Боярин с любопытством обернулся к ней:
— Это что еще за новости? Какая высшая воля могла тебя толкнуть на такое безумство?
— Слушай, батюшка, — сказала девушка, поворачиваясь к нему и замедляя ход коня. — В ночь перед тем, как мы должны были ехать на медвежью охоту, привиделась мне во сне моя мать. Она была такой, какой ты описывал мне ее: в белой одежде, с распущенными волосами, но с лицом румяным и светлым, как солнце, с радостной улыбкой на устах и с бесконечной любовью в ясном взоре. Она подошла ко мне с распростертыми руками и обняла меня, крепко прижимая к своей груди. «Мама!» — сказала я и больше не могла ничего выговорить от радости и охватившего все мое существо блаженства.
«Мирослава, дитя мое единственное, — говорила она ласковым, нежным голосом, который и поныне звучит у меня в сердце, — слушай, что я тебе скажу. Великая для тебя минута наступает, доченька! Сердце твое пробудится и заговорит. Слушайся своего сердца, дочка, и повинуйся его голосу!»
«Хорошо, мама!» — сказала я, вся трепеща от какой-то несказанной радости.
«Благословляю же твое сердце!» — И, промолвив это, она развеялась, как легкий, душистый ветерок, а я проснулась. И сердце мое вправду заговорило, батюшка, и я пошла на его зов. На мне благословение матушки!
— Но, глупая девушка, ведь это был сон! О чем ты думала днем, то ночью и приснилось тебе! А впрочем… — прибавил боярин немного погодя, — а впрочем, ты уже не увидишь его никогда!
— Не увижу? — воскликнула быстро Мирослава. — Почему не увижу? Разве он умер?
— Хоть бы он еще целых сто лет жил, ты больше уже не увидишь его, потому что мы… мы не вернемся уже больше в эти проклятые края!
— Не вернемся? А почему?
— Потому, — сказал боярин с напускным спокойствием, — что эти твои добрые люди, и прежде всего этот старый чорт, отец твоего возлюбленного Максима, постановили на своем совете изгнать нас из своего села, разрушить наш дом и сравнять его с землей! Но погодите вы, хамское племя, узнаете вы, с кем имеете дело! Тугар Волк — это не тухольский волк, он и тухольским медведям сумеет показать свои зубы!
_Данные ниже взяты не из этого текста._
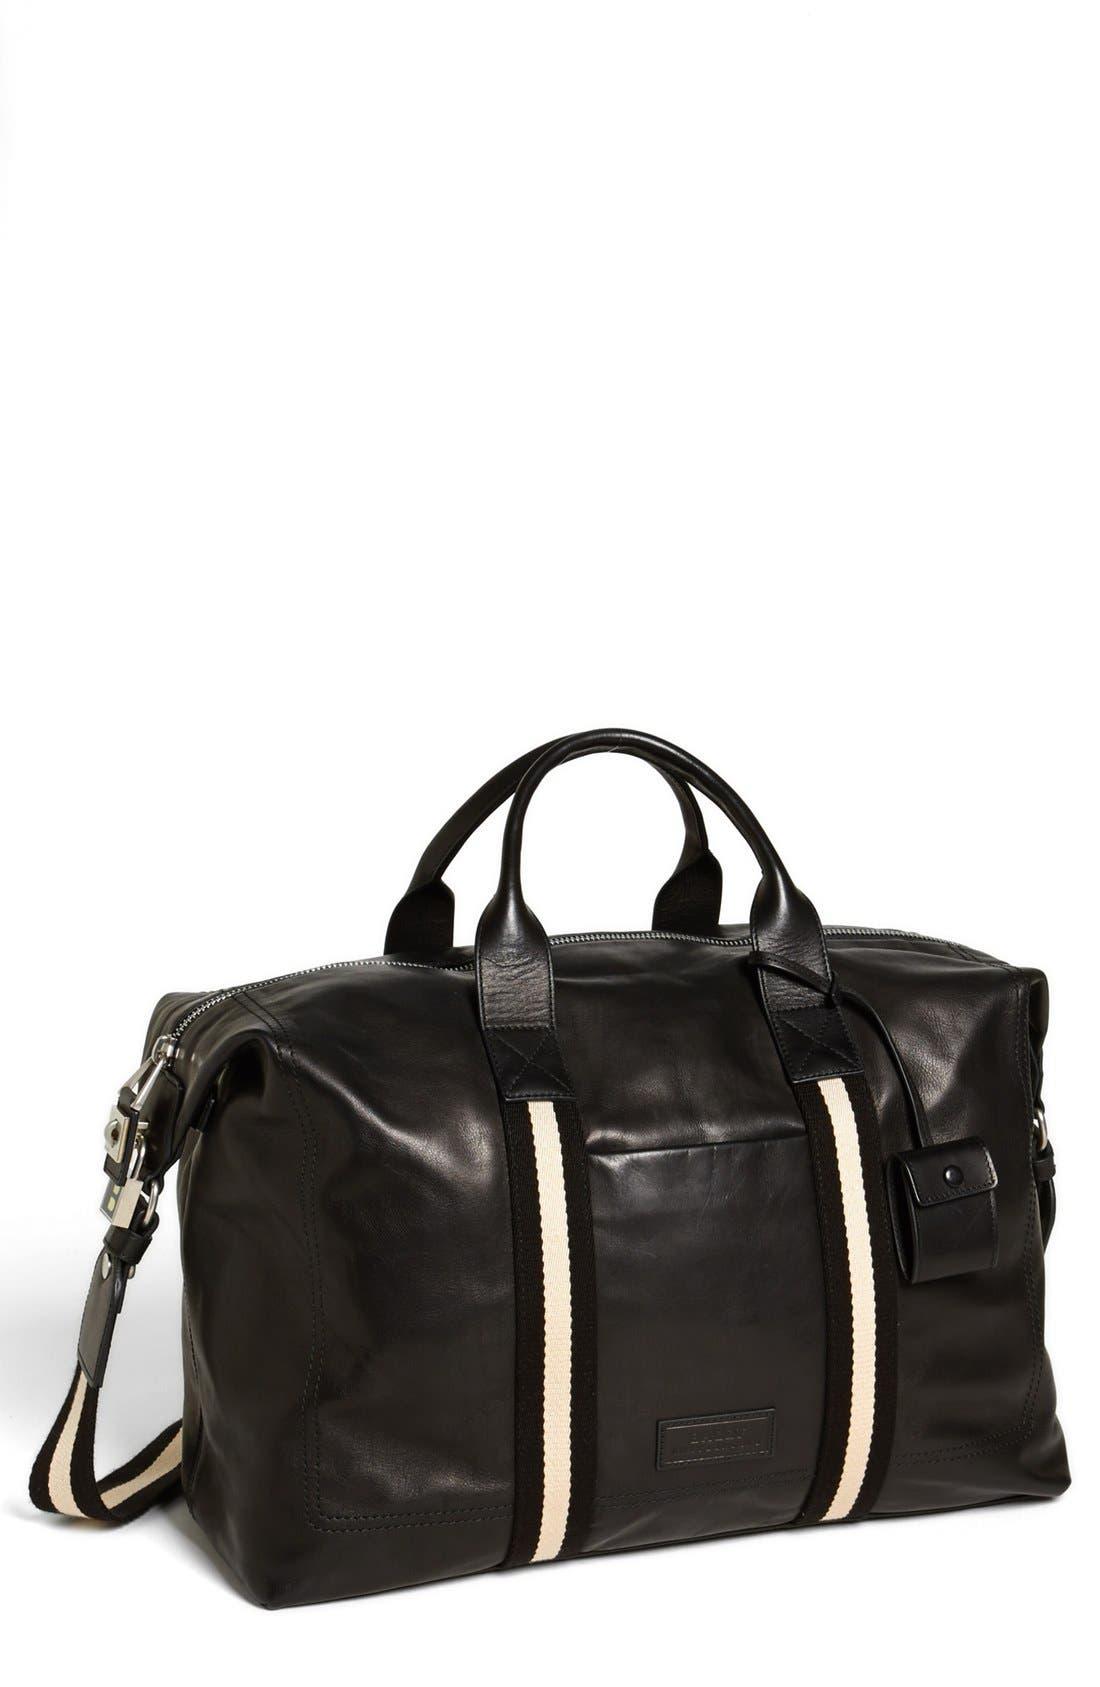 Main Image - Bally 'Terret' Duffel Bag

Эти слова болью отдались в сердце Мирославы.
— Изгнали нас, батюшка? А за что же нас изгнали? Наверно, из-за того лесника, которого ты приказал так немилосердно бить, хотя я слезно молила тебя отпустить его на волю?
— Как ты все по-своему понимаешь! — прервал ее сердито Тугар, хотя его болезненно уколол упрек дочери. О я знаю, — будь ты на этом совете, и ты бы тоже пошла вместе с ним против своего отца! Что ж делать, отец стар, угрюм, не умеет ни глазами сверкать, ни вздыхать, а тебе хочется не такого спутника жизни! И что тебе до того, что отец раньше времени поседел, стараясь обеспечить тебе счастье, между тем как тот, новый, более милый твоему сердцу друг, который помоложе, может быть сейчас вместе со своими тухольцами разрушает наш дом, последнее и единственное наше пристанище на свете!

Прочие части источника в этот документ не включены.